EXTRACTED MATERIAL Block Start

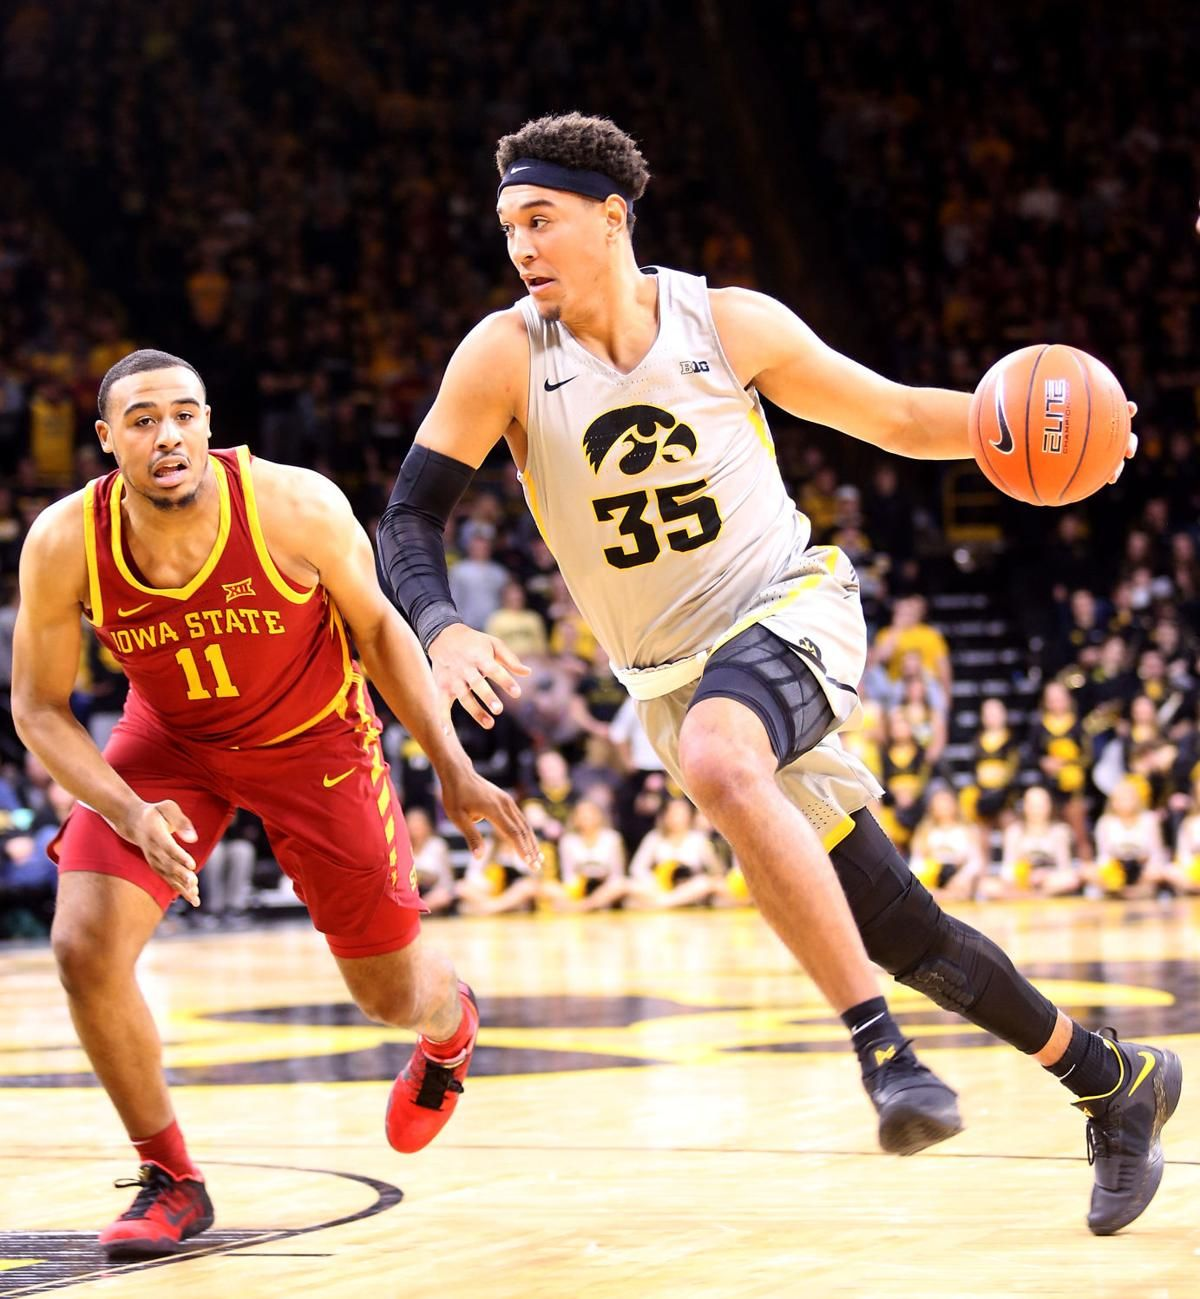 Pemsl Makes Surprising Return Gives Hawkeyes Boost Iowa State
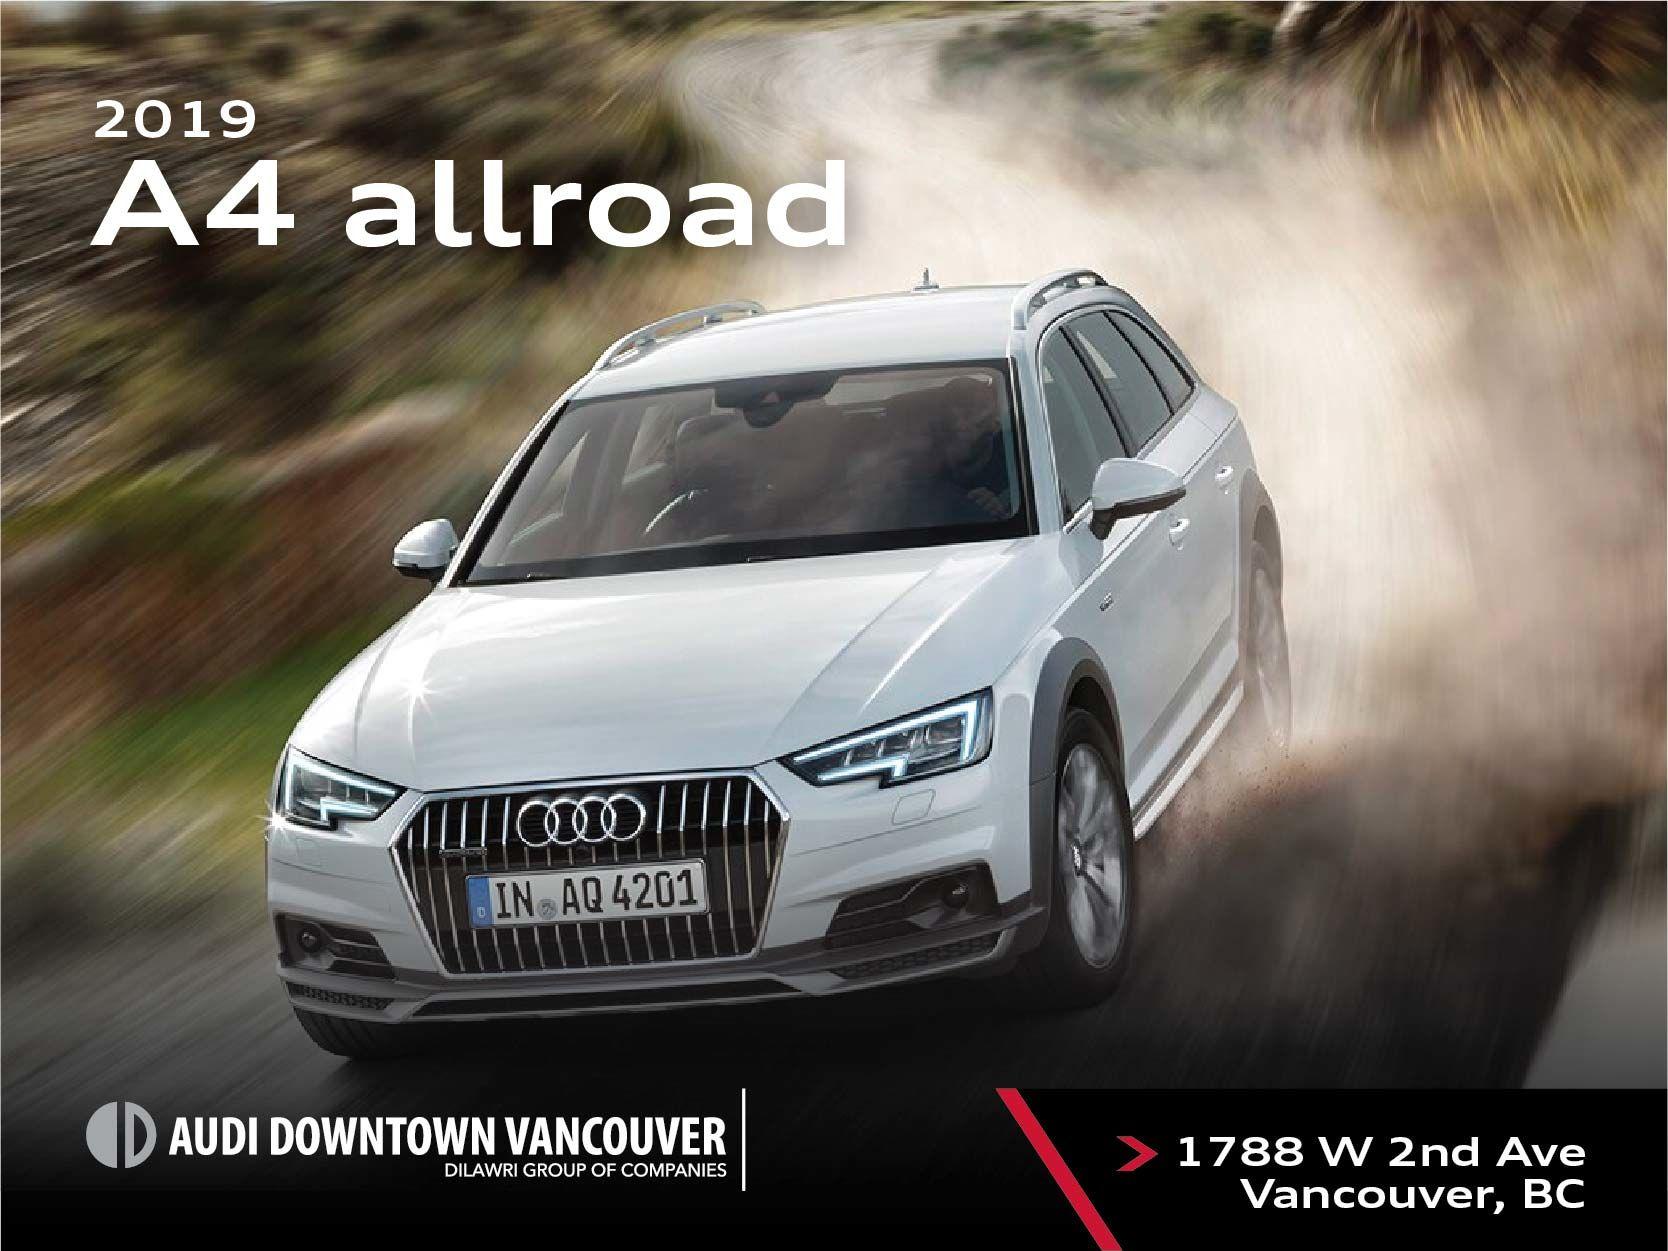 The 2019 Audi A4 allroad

EXTRACTED MATERIAL Block End
EXTRACTED MATERIAL Block Start

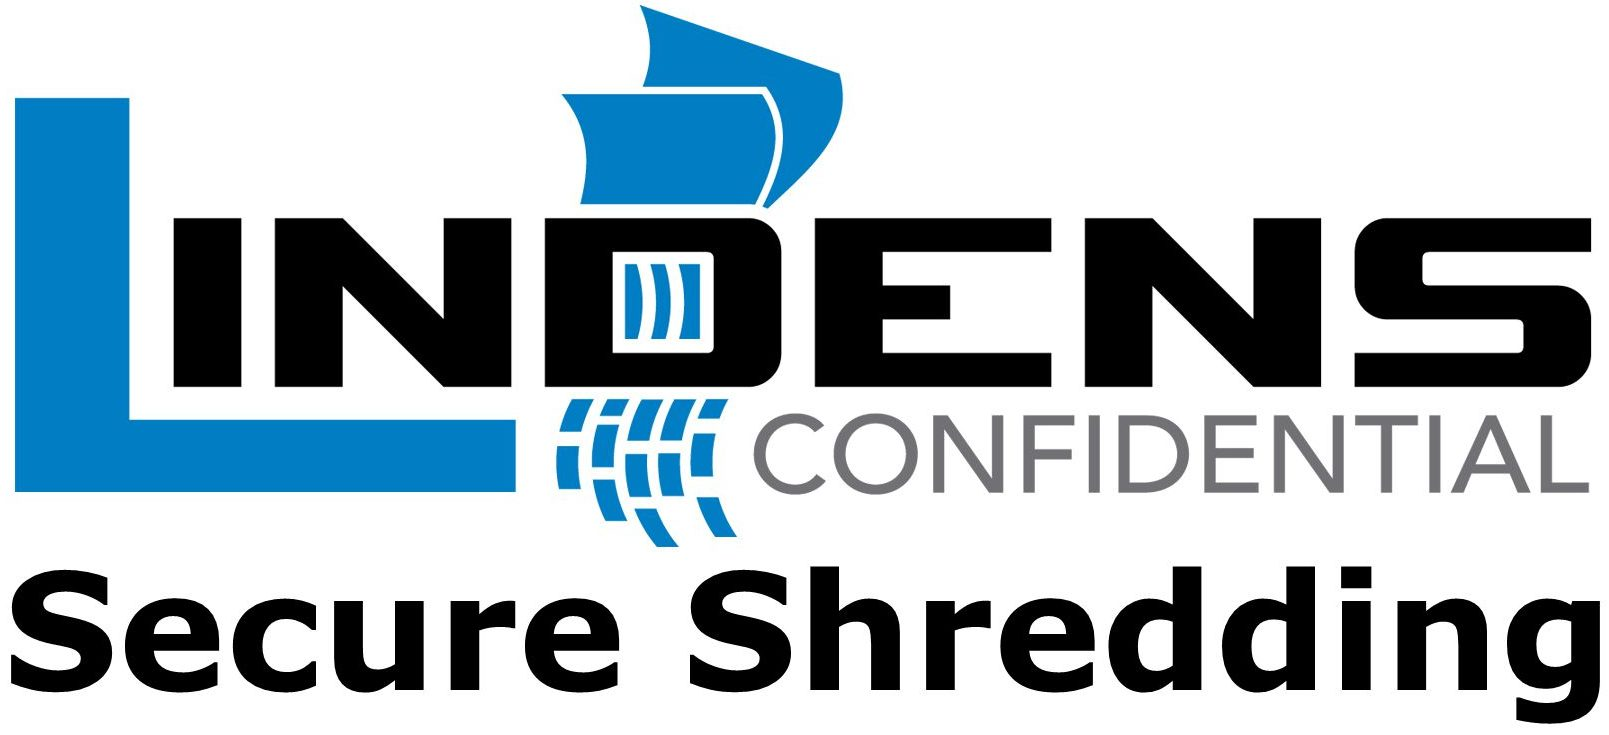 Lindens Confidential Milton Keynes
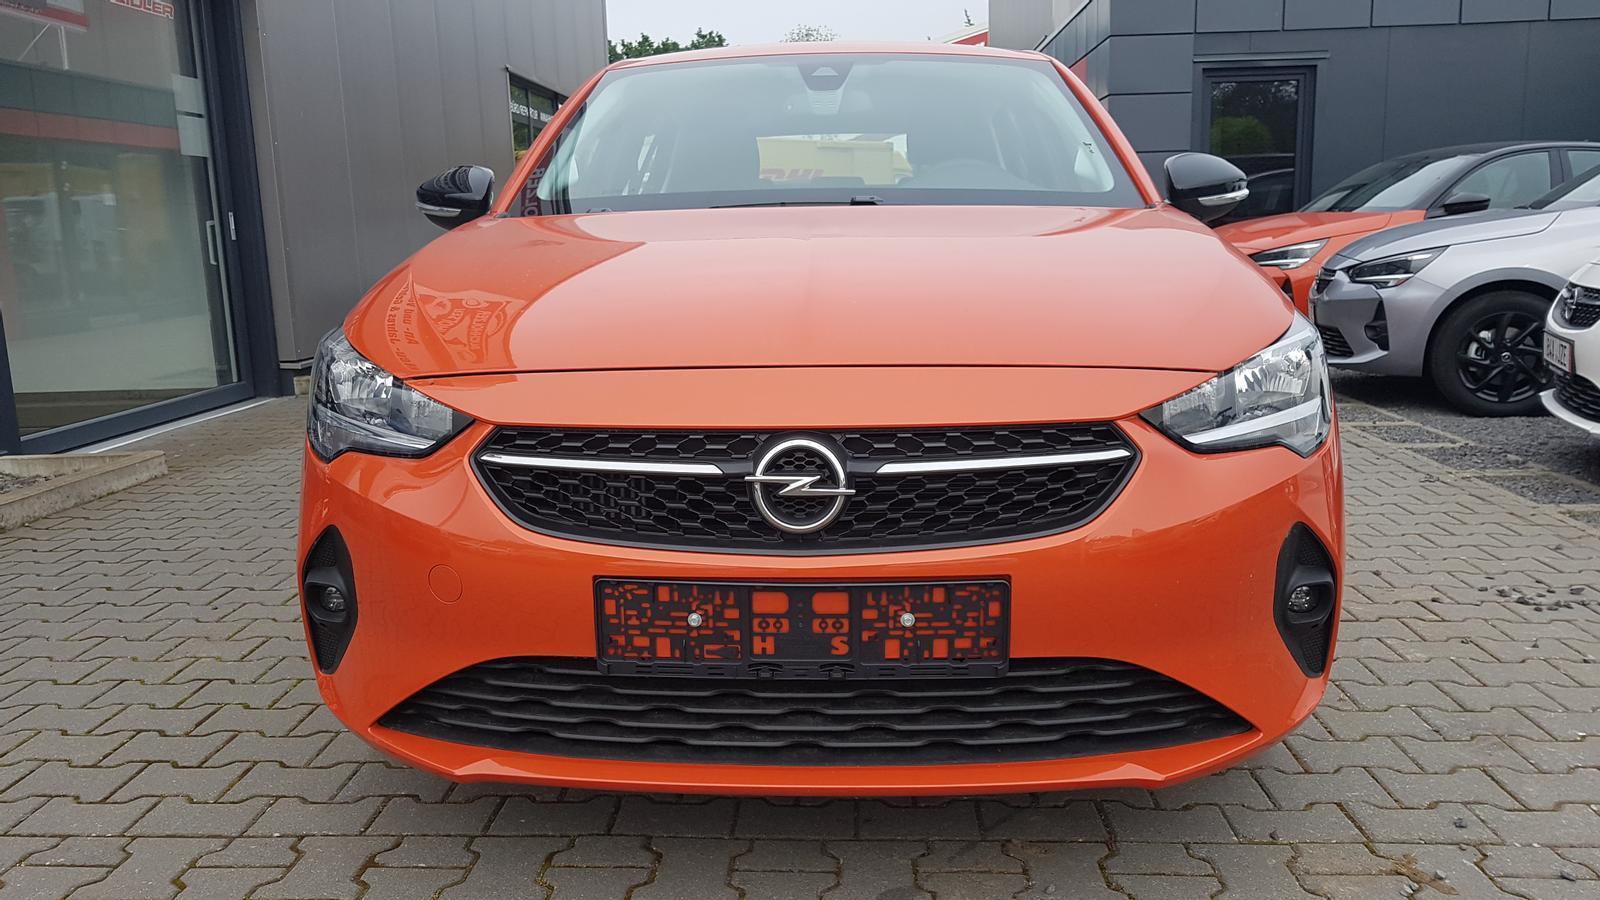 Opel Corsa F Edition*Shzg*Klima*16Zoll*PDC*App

EXTRACTED MATERIAL Block End

EXERCISE -> Your answer should be the exact lines above from the one containing "Pemsl Makes Surprising" through the one containing "The 2019 Audi A4 allroad", with both end lines kept and the pictures removed, please.

RESULT OF THE EXERCISE ->
 Pemsl Makes Surprising Return Gives Hawkeyes Boost Iowa State
 The 2019 Audi A4 allroad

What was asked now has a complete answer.